= PROBLEM DETAILS =
Drop every picture, then transcribe the remaining data exactly.

= DATA BLOCK =
◆ ◆ ◆

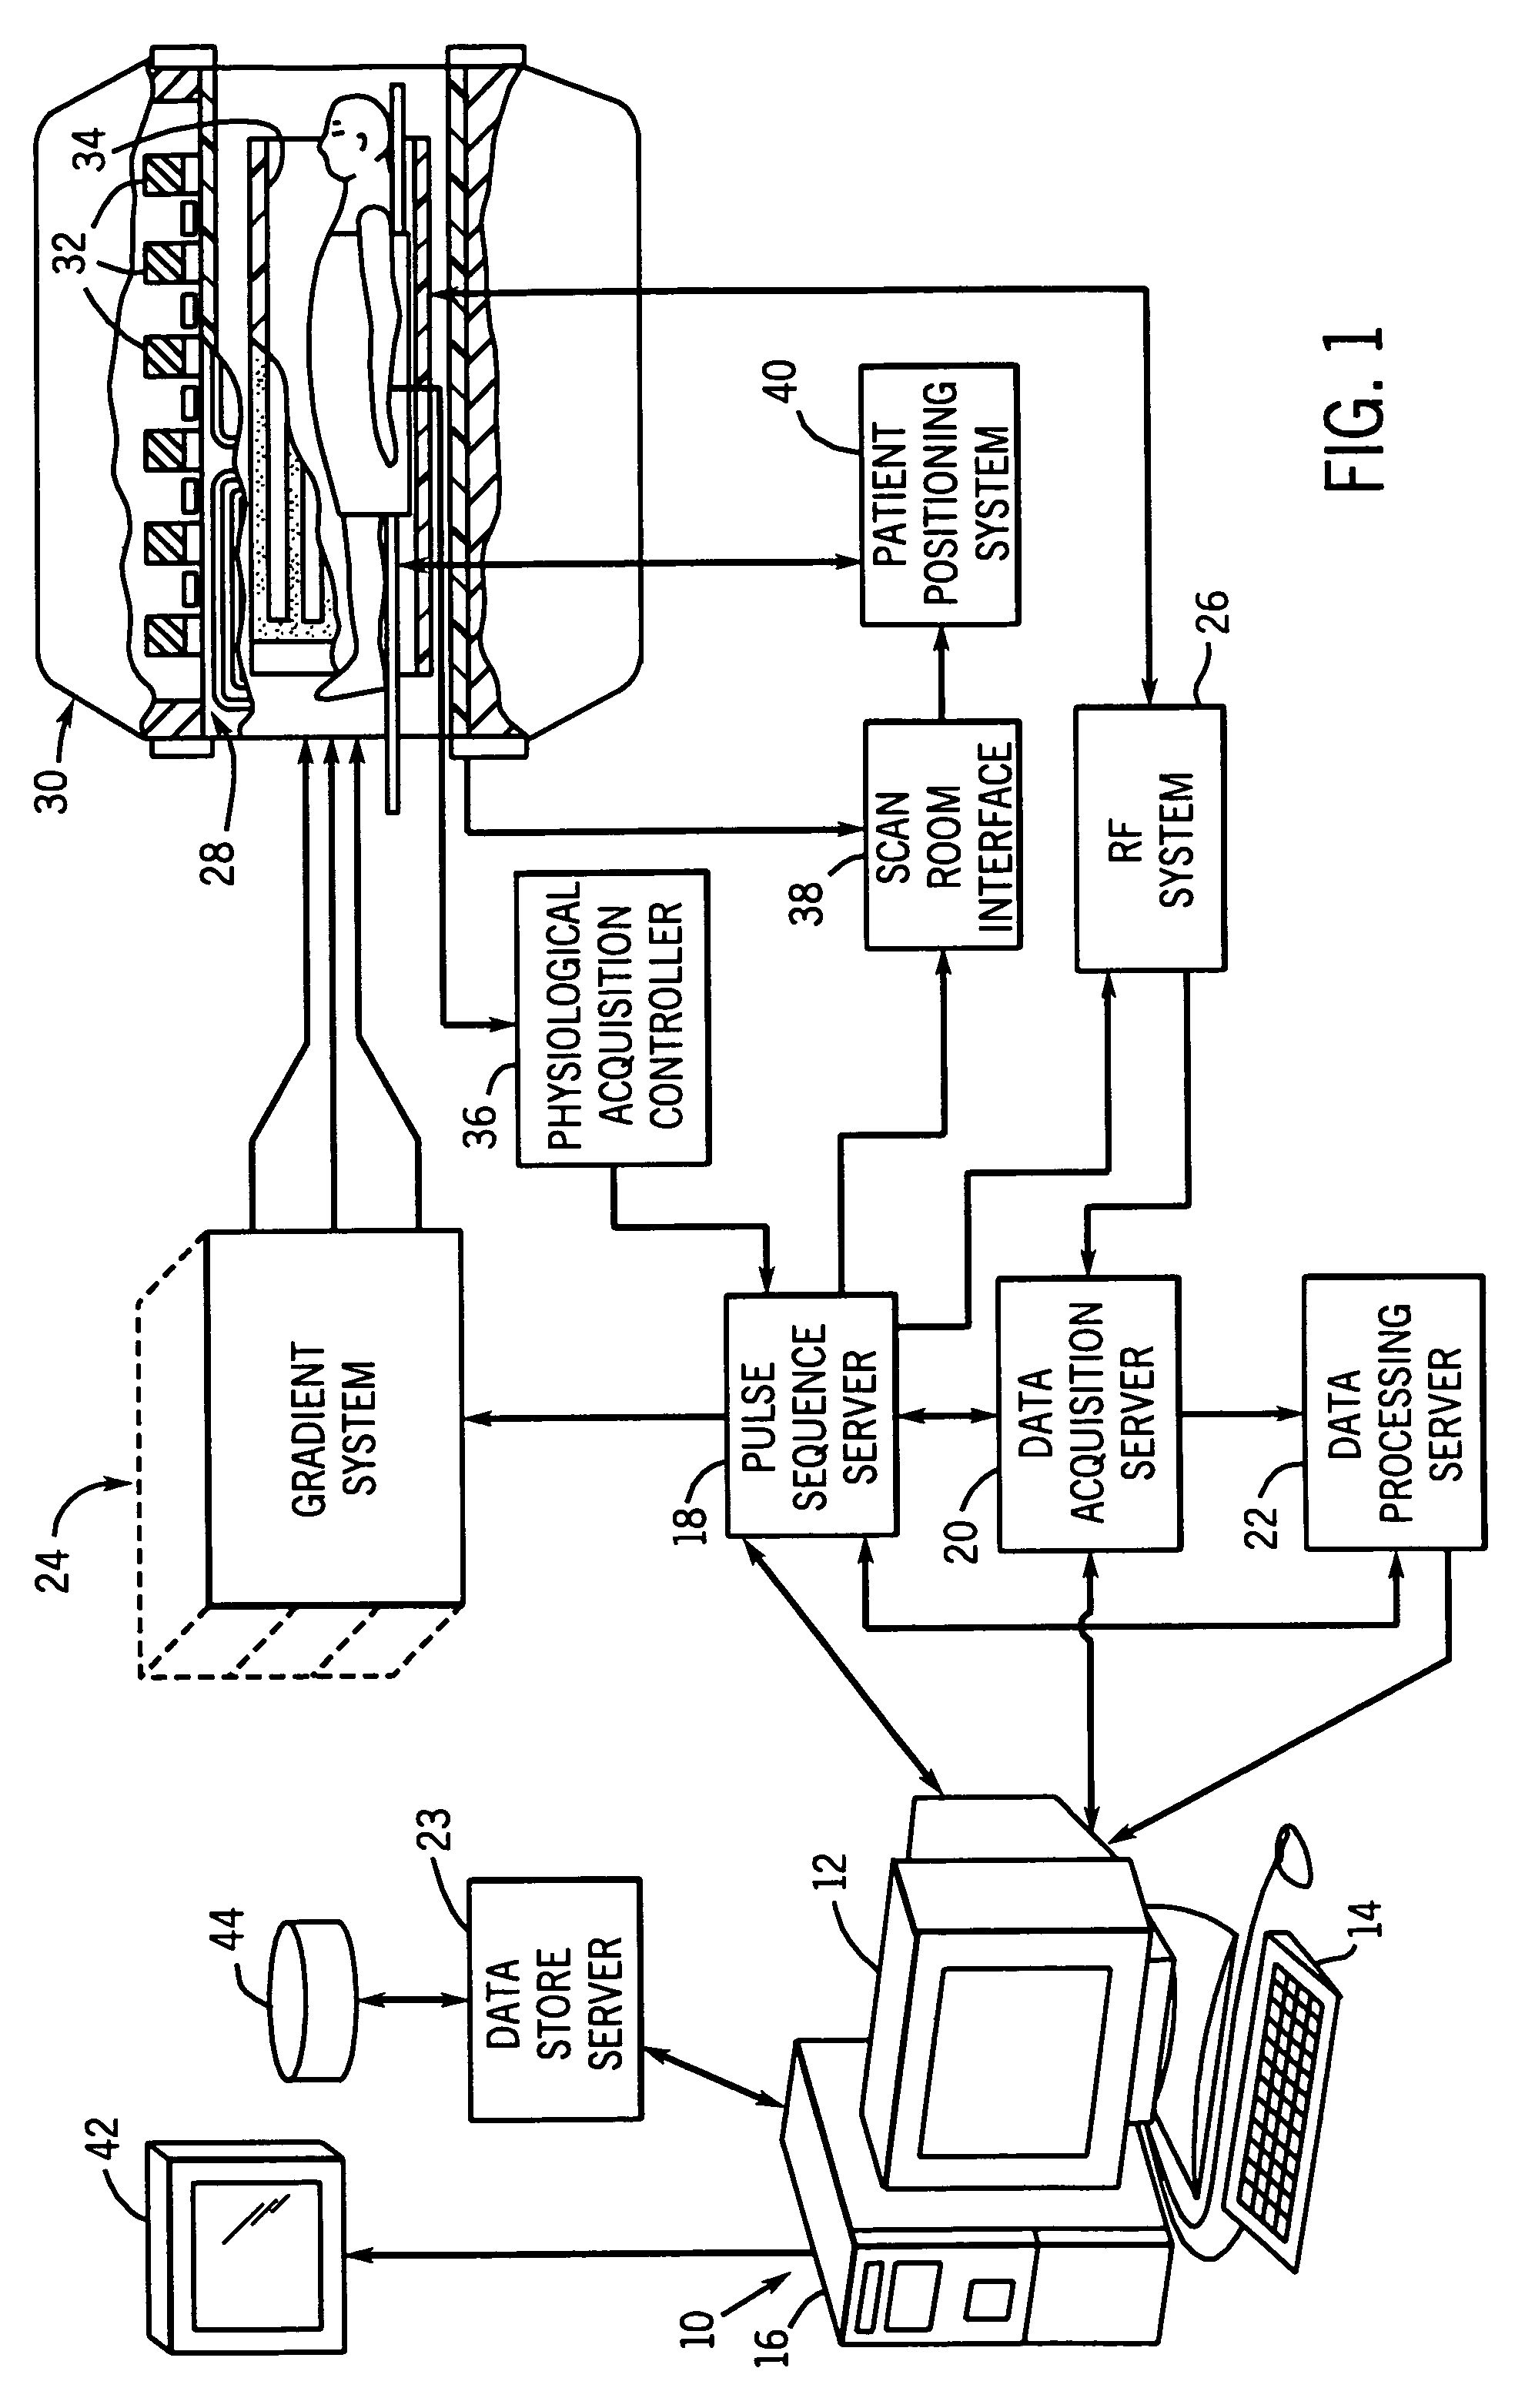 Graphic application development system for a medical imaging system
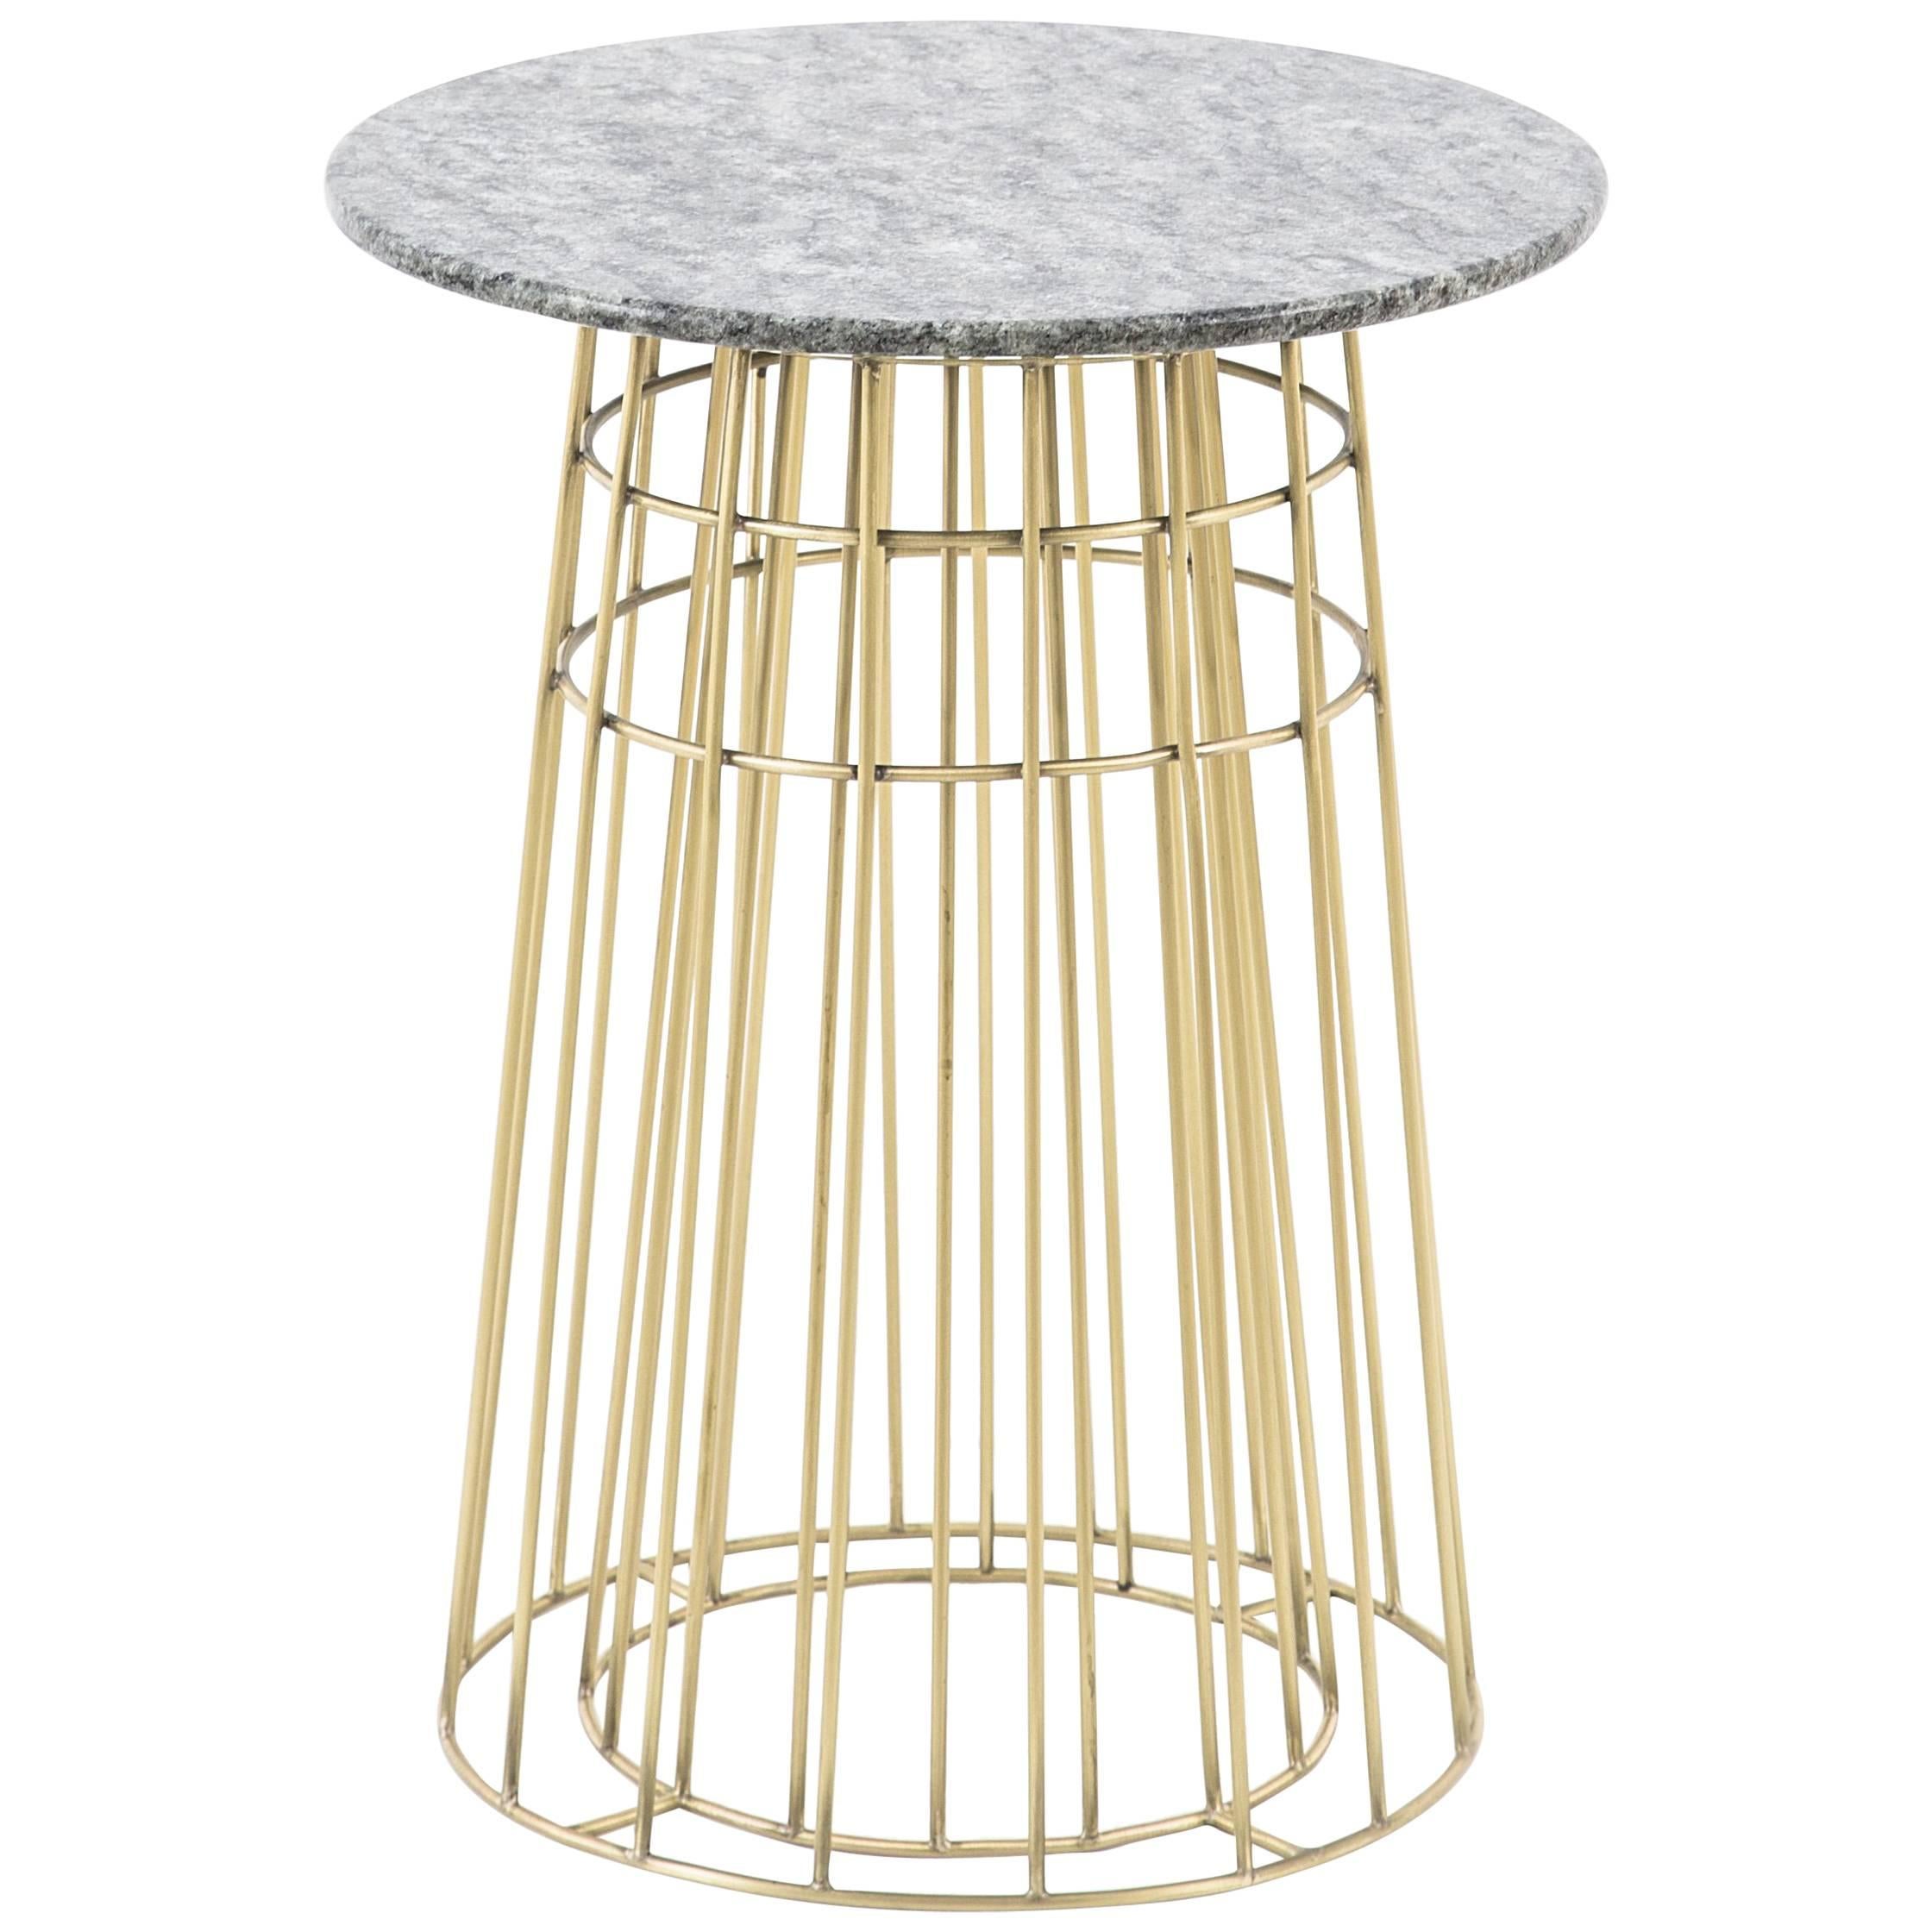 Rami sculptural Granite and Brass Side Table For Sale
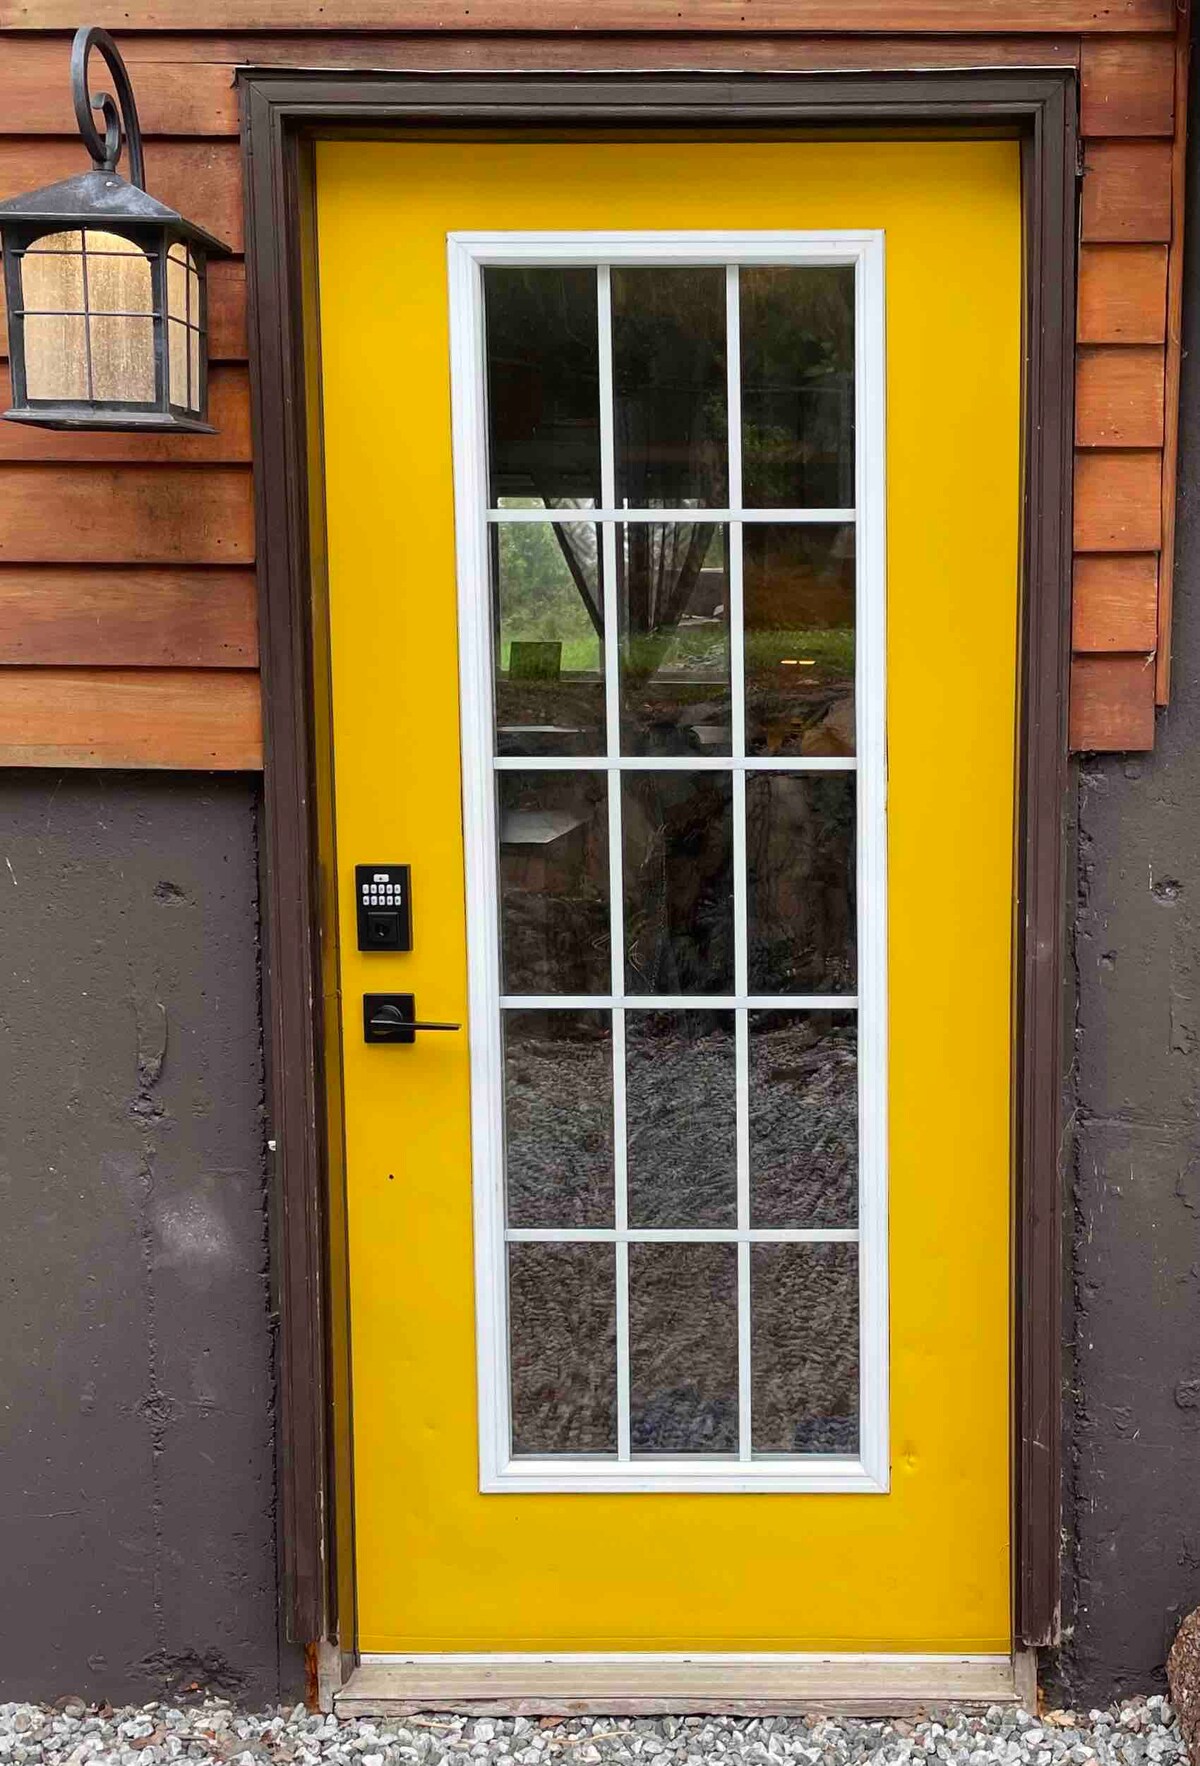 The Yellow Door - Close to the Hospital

◆ ◆ ◆

= RESPONSE TO THE EXERCISE =
 Graphic application development system for a medical imaging system
 Rami sculptural Granite and Brass Side Table For Sale
 The Yellow Door - Close to the Hospital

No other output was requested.